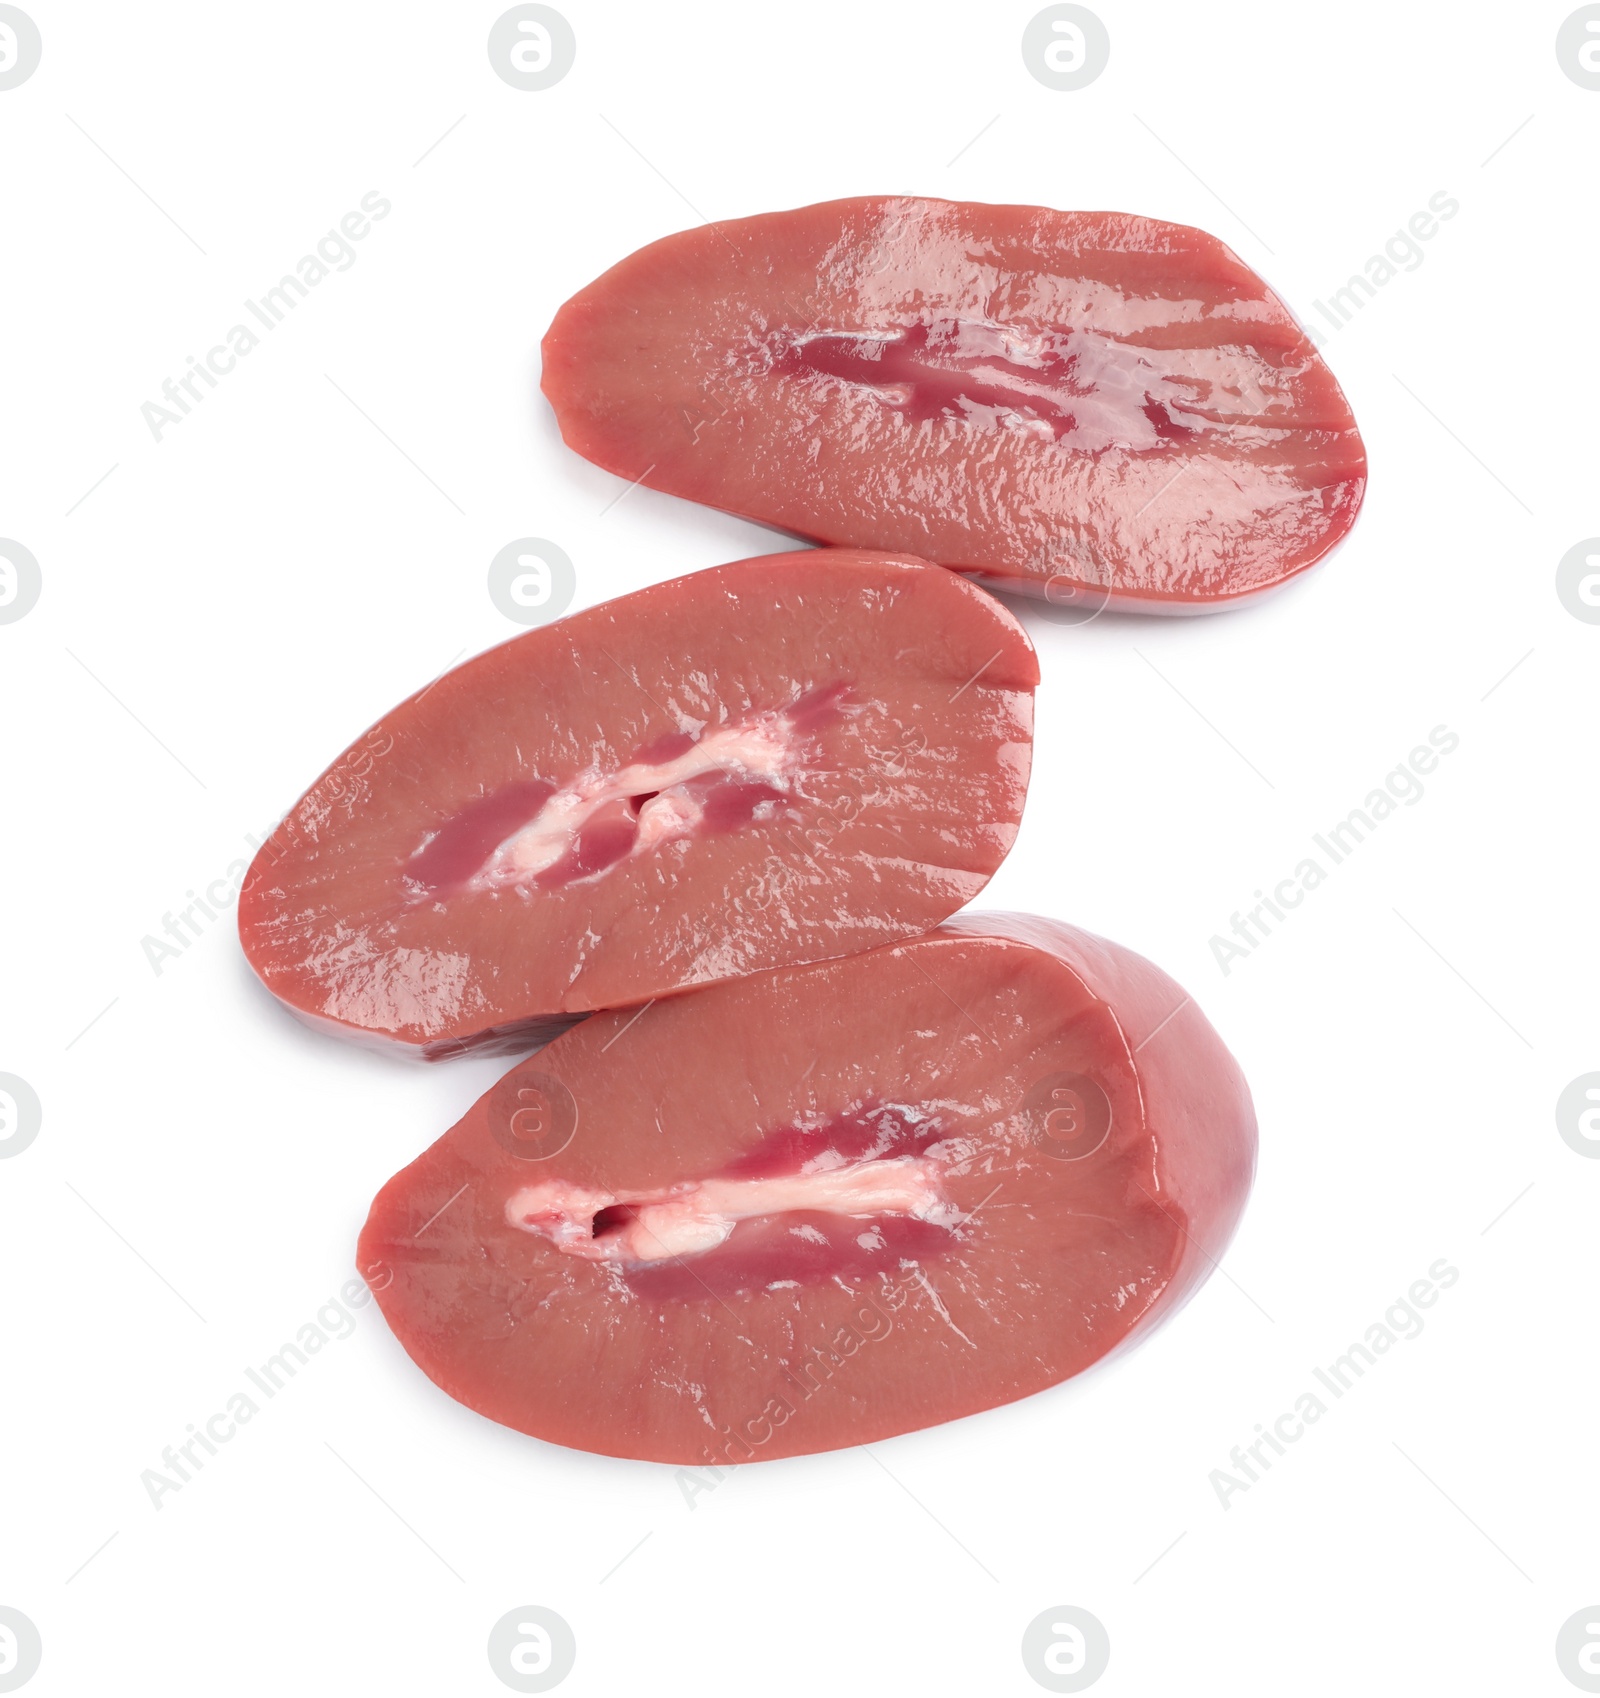 Photo of Cut fresh raw pork kidney on white background, top view
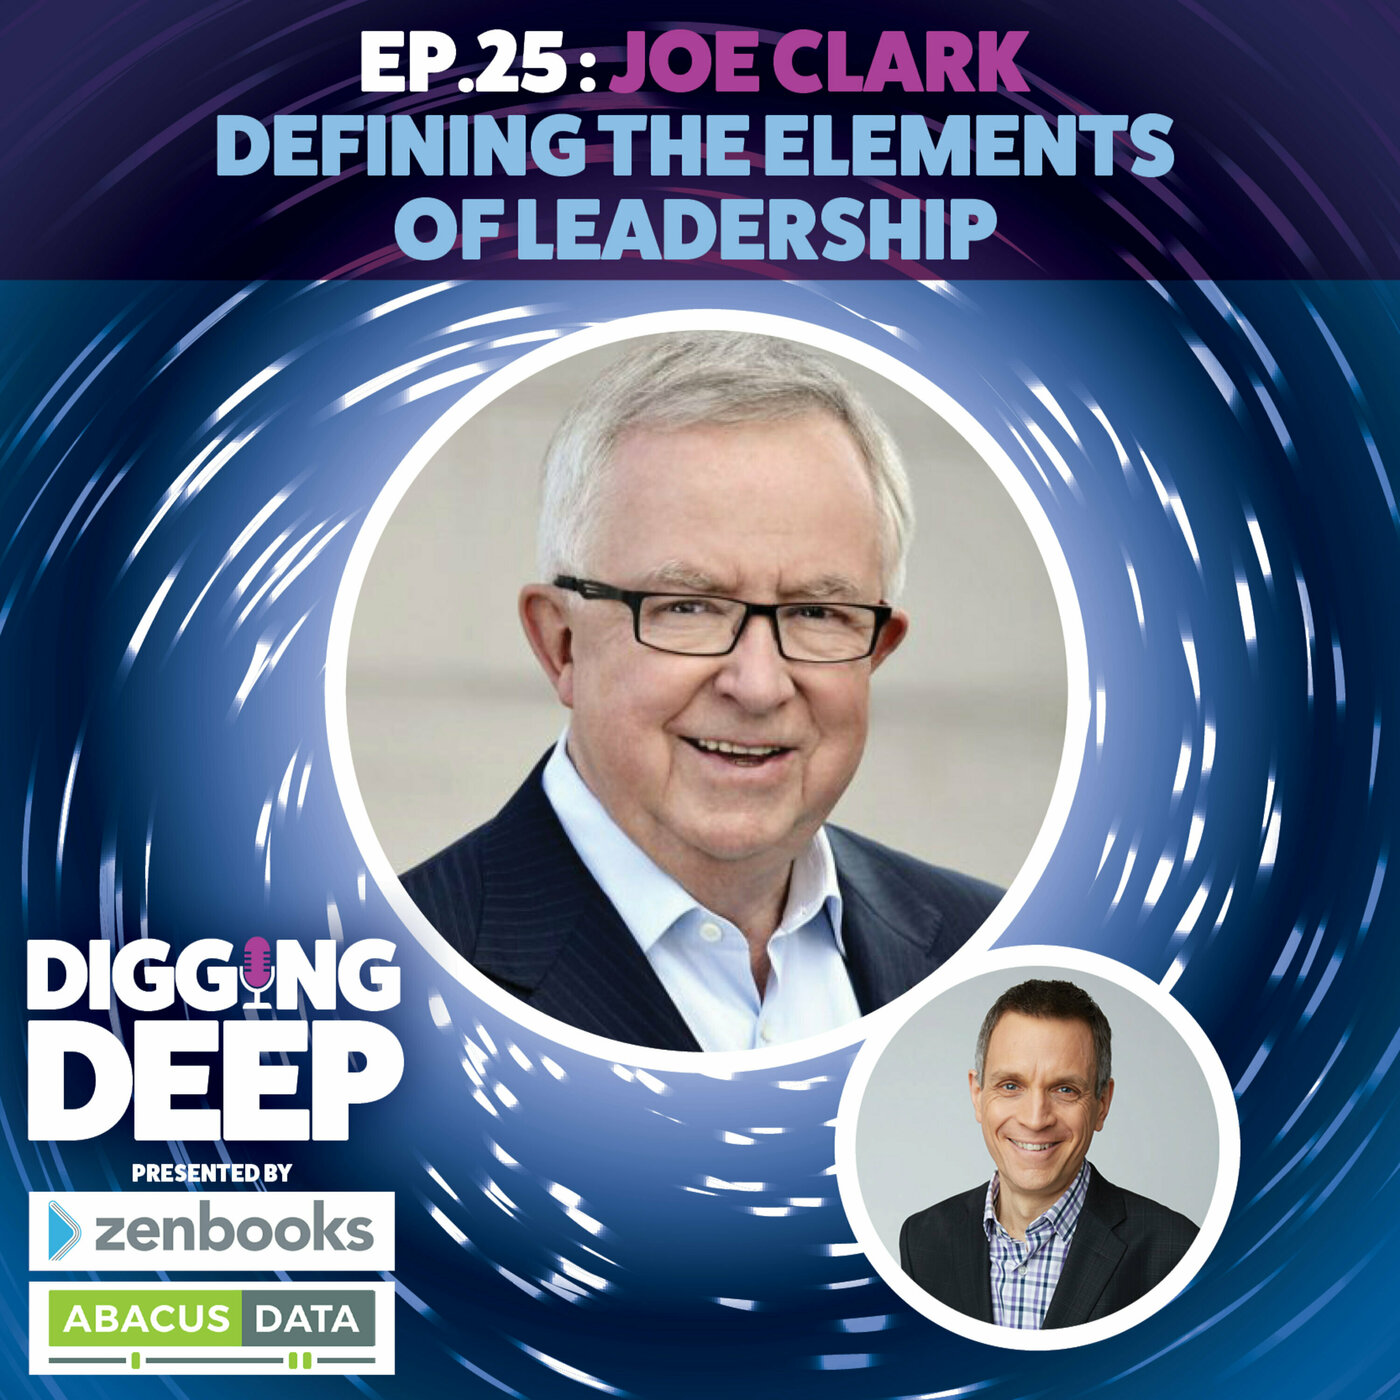 Joe Clark: Defining the Elements of Leadership
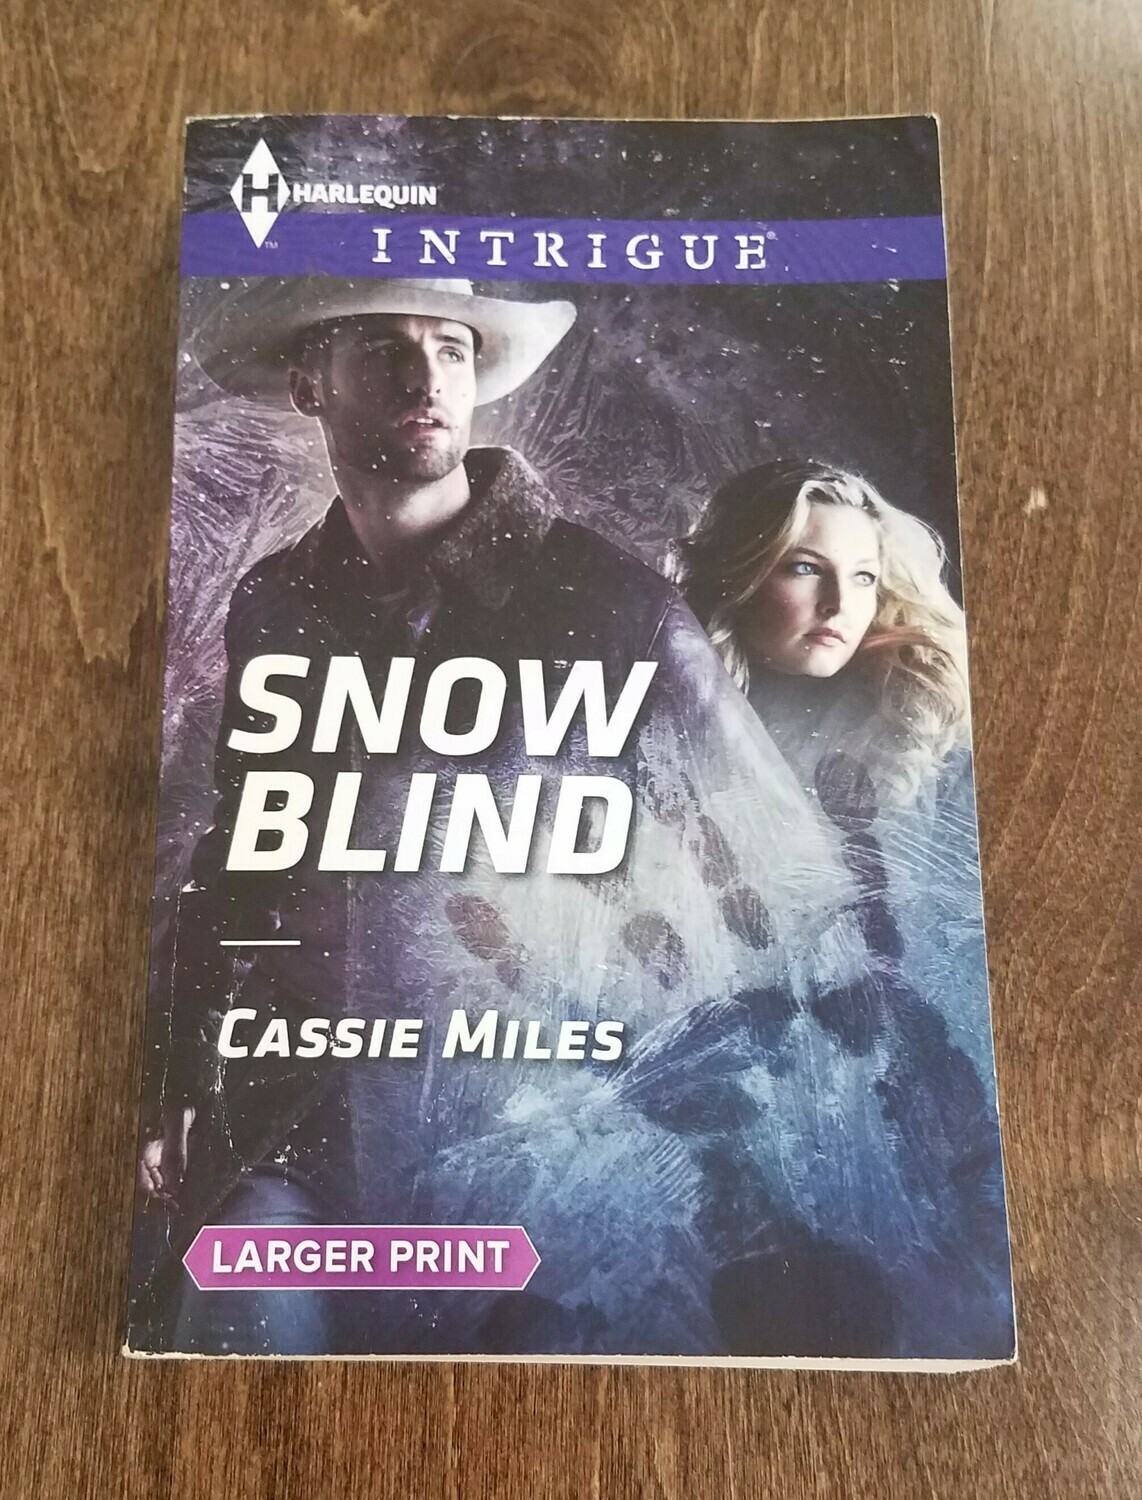 Snow Blind by Cassie Miles
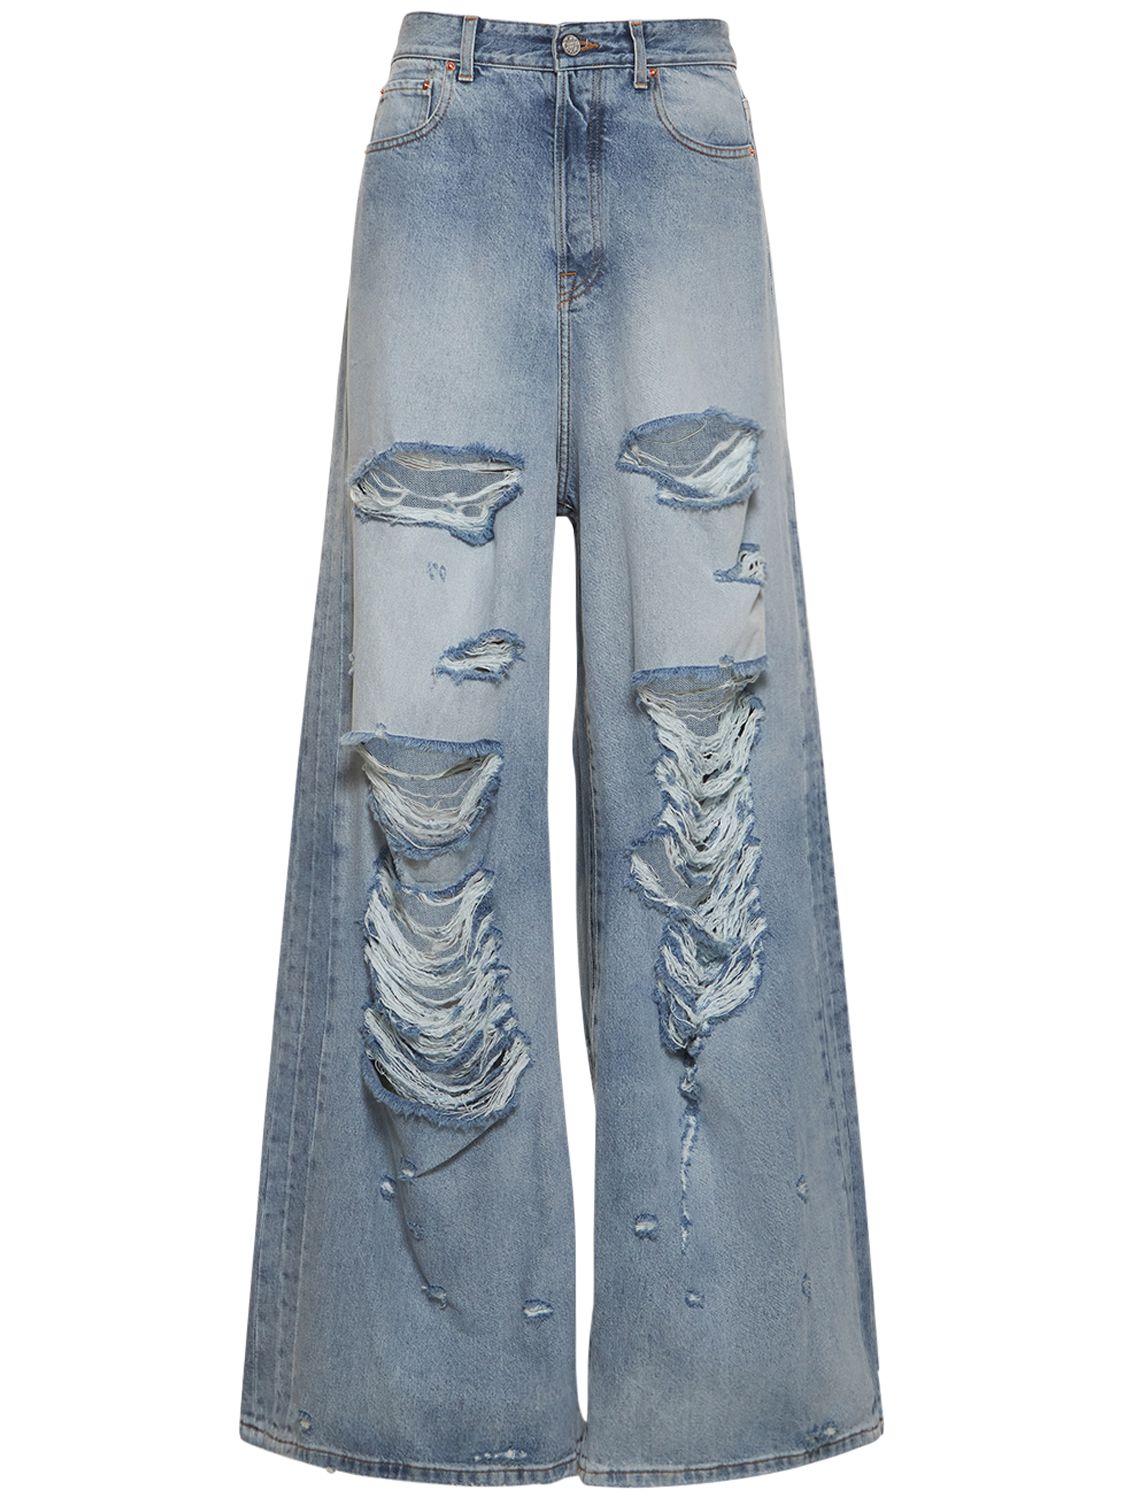 JCAESAR Scratched jeans ワイドデニム デザインbeautybeast

▸ EXERCISE GOAL:
Give the listing above again in its entirety, exactly as written and free of images.

▸ SOLUTION:
 Photo of Cut fresh raw pork kidney on white background, top view
 Joe Clark: Defining the Elements of Leadership
 Snow Blind by Cassie Miles
 JCAESAR Scratched jeans ワイドデニム デザインbeautybeast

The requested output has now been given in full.